Because with the Meltdown patches, we ALREADY HAVE the isolated page
tables that XPFO tries to do.

They are just the normal user page tables.

So don't go around doing other crazy things.

All you need to do is to literally:

- before you enter VMX mode, switch to the user page tables

- when you exit, switch back to the kernel page tables

don't do anything else. You're done.

Now, this is complicated a bit by the fact that in order to enter VMX
mode with the user page tables, you do need to add the VMX state
itself to those user page tables (and add the actual trampoline code
to the vmenter too).

So it does imply we need to slightly extend the user mapping with a
few new patches, but that doesn't sound bad.

In fact, it sounds absolutely trivial to me.

The other thing you want to do is is the trivial optimization of "hey.
we exited VMX mode due to a host interrupt", which would look like
this:

* switch to user page tables in order to do vmenter
* vmenter
* host interrupt happens
- switch to kernel page tables to handle irq
- do_IRQ etc
- switch back to user page tables
- iret
* switch to kernel page tables because the vmenter returned

so you want to have some trivial short-circuiting of that last "switch
to user page tables and back" dance. It may actually be that we don't
even need it, because the irq code may just be looking at what *mode*
we were in, not what page tables we were in. I looked at that code
back in the meltdown days, but that's already so last-year now that we
have all these _other_ CPU bugs we handled.

But other than small details like that, doesn't this "use our Meltdown
user page table" sound like the right thing to do?

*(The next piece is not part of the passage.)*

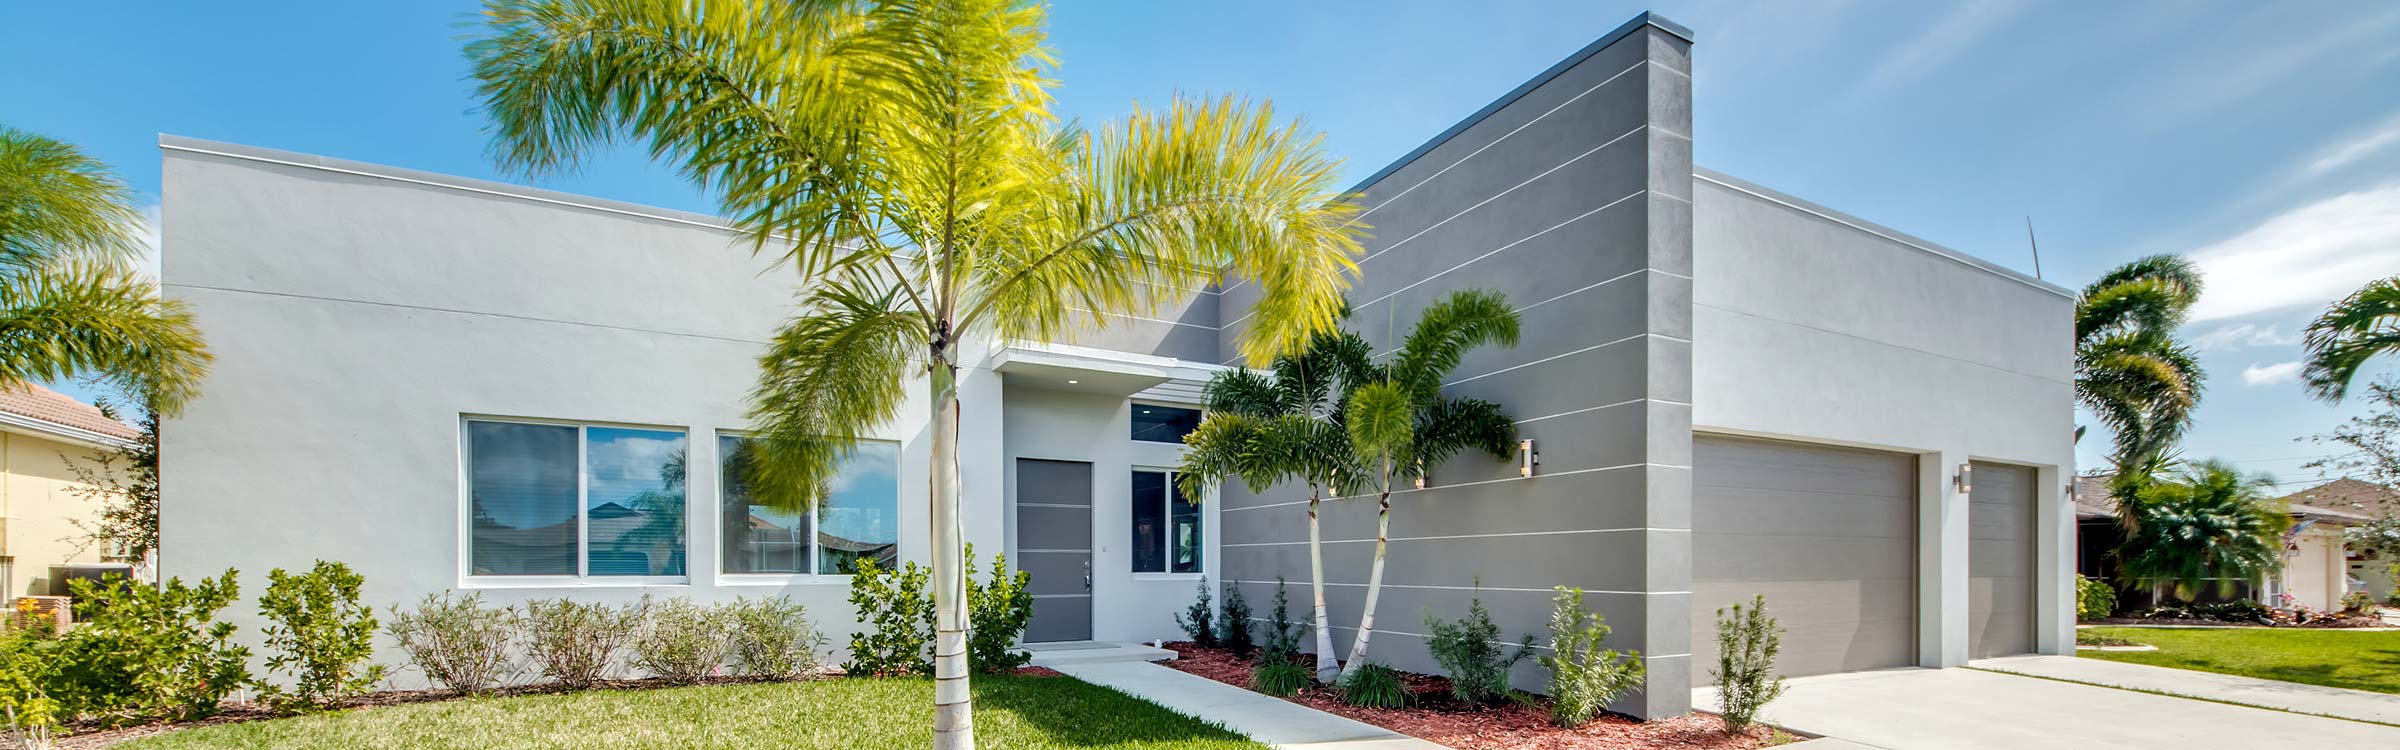 Neubau/Hausbau Cape Coral, Fort Myers, Florida - Bauplanung

And note: no new VM code or complexity. None. We already have the
"isolated KVM context with only pages for the KVM process" case
handled.

Of course, after the long (and entirely unrelated) discussion about
the TLB flushing bug we had, I'm starting to worry about my own
competence, and maybe I'm missing something really fundamental, and
the XPFO patches do something else than what I think they do, or my
"hey, let's use our Meltdown code" idea has some fundamental weakness
that I'm missing.

Linus